Former premier Nawaz Sharif filed on Monday a review petition against the Supreme Court verdict in the Judge Arshad Malik video scandal case.
Judge Malik had sentenced former premier Nawaz Sharif to jail in the Al-Azizia Steel Mills case. During a press conference in June, PML-N leader Maryan Nawaz showed videos in which Judge Malik told another person that he was pressured into convicting former PM Nawaz Sharif in the Al Azizia mills case. The judge, however, denied the allegations.
On August 23, the Supreme Court ruled that the final decision in the Judge Malik case rests with the Islamabad High Court. It can choose whether to reopen the Al-Azizia case or admit the video as evidence in Nawaz’s appeal against his sentence.
Nawaz filed the petition in the case through his counsel, Khawaja Haris. The former premier made Judge Arshad Malik and others parties in his petition.
He said the court finalised parameters relating to the video’s admissibility without serving notices or listening to them. The former premier requested the court to review its decision after listening to their stance.
The verdict in Judge Malik video scandal case, written by Chief Justice Asif Saeed Khosa, said the video matter is the jurisdiction of the Islamabad High Court. The court is already hearing Nawaz Sharif’s appeal against his conviction and if it chooses, it can make the video admissible as evidence in that case. This of course depends on whether Nawaz’s lawyers choose to submit it as evidence and are able to verify its authenticity.
The SC also said that the Islamabad High Court will also decide if Judge Malik’s conduct necessitates a retrial in the case. It can either reappraise the evidence itself and decide the appeal on its merits or remand the case to the trial court for re-deciding the case after hearing of arguments of the parties on the basis of the evidence already recorded.
The judges refused to comment on the contents of the video and the video itself, citing its sub-judice nature (it’s being heard in the Islamabad High Court) but did comment on Judge Malik’s conduct.

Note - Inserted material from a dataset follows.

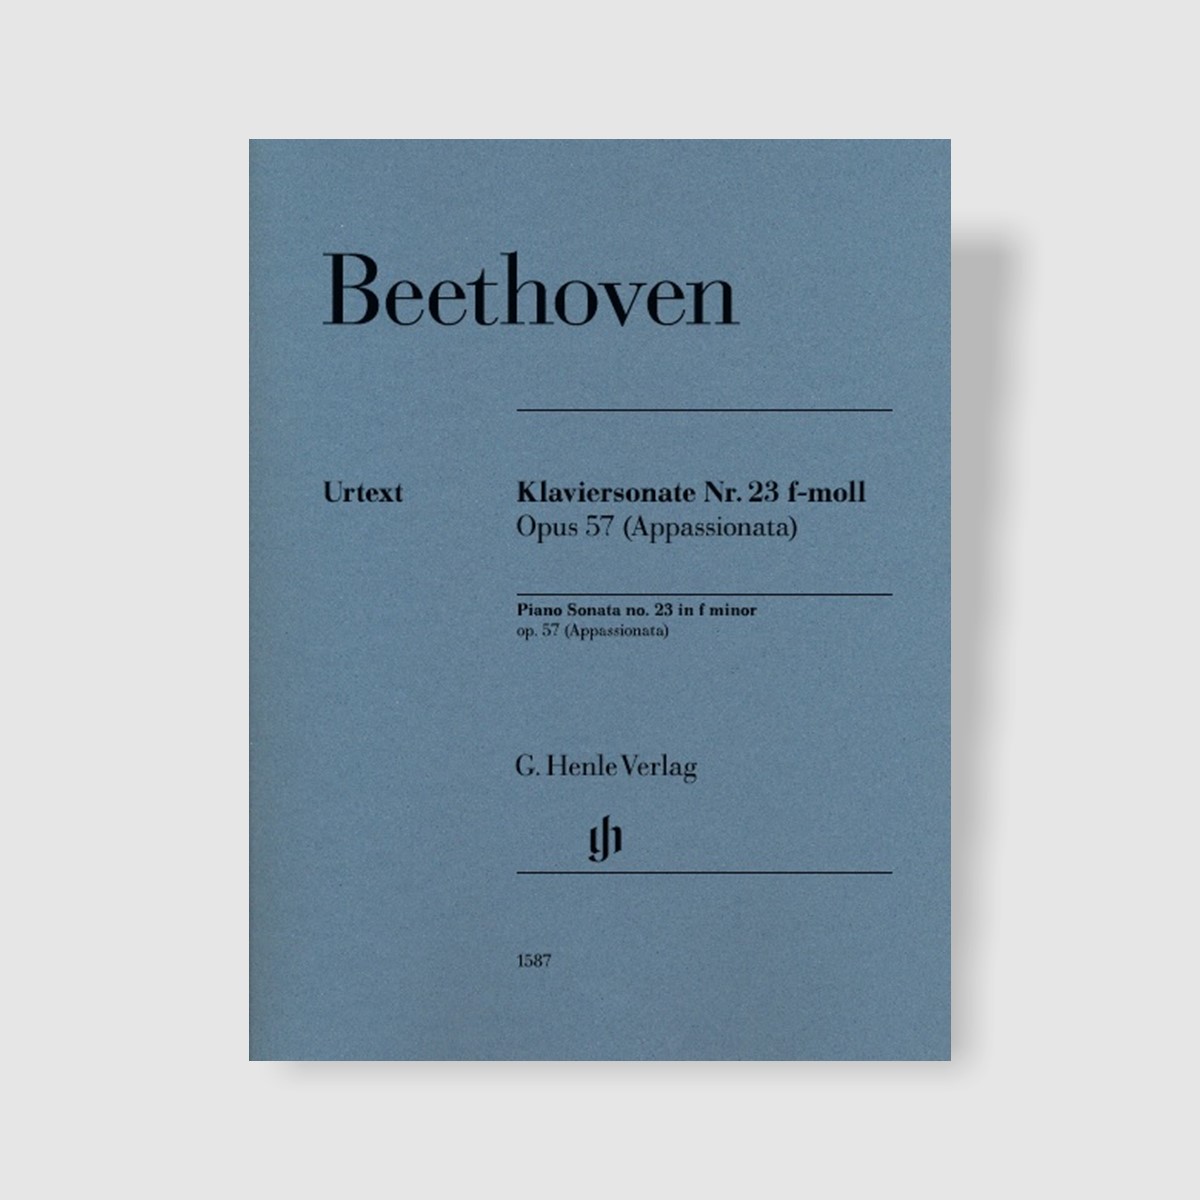 베토벤 피아노 소나타 No. 23 in f minor, Op. 57 (Appassionata)

“His admitted conduct emerging from that press release and the affidavit stinks and the stench of such stinking conduct has the tendency to bring bad name to the entire judiciary as an institution,” read the order. “He had unabashedly admitted in the press release and the affidavit that he had a shady past and had skeletons in his cupboard for which he was vulnerable to blackmail, during the trial being conducted by him he had been holding private meetings with sympathizers of the accused person being tried by him, he was threatened and inducements were offered to him during the trial but he had not reported the same to any superior authority and had never considered recusing from the trial, after convicting the accused person in the trial he had met the convict at his residence in a different city, he had even met a son of the convict in a different country and finally he had tried to help the convict in his appeal filed against his own judgment by dictating some grounds of appeal and pointing out some stated weaknesses in the case against the convict convicted by him,” the judges wrote.
“Such admitted conduct of the Judge was shocking, to say the least, besides being abhorrent and offensive to the image of a Judge in the society. His sordid and disgusting conduct has made the thousands of honest, upright, fair and proper Judges in the country hang their heads in shame,” it concluded.
On August 22, the Islamabad High Court repatriated the former accountability court judge to the Lahore High Court for initiation of “disciplinary proceedings” against him.
On July 12, the IHC acting chief justice had asked the Ministry of Law to remove Judge Malik from his position as an accountability court judge until an investigation into the video scandal was completed.
The IHC said the disclosures made by the judge in his earlier press release and affidavit with regard to the video scandal “constitute acts of misconduct and violation of the code of conduct”.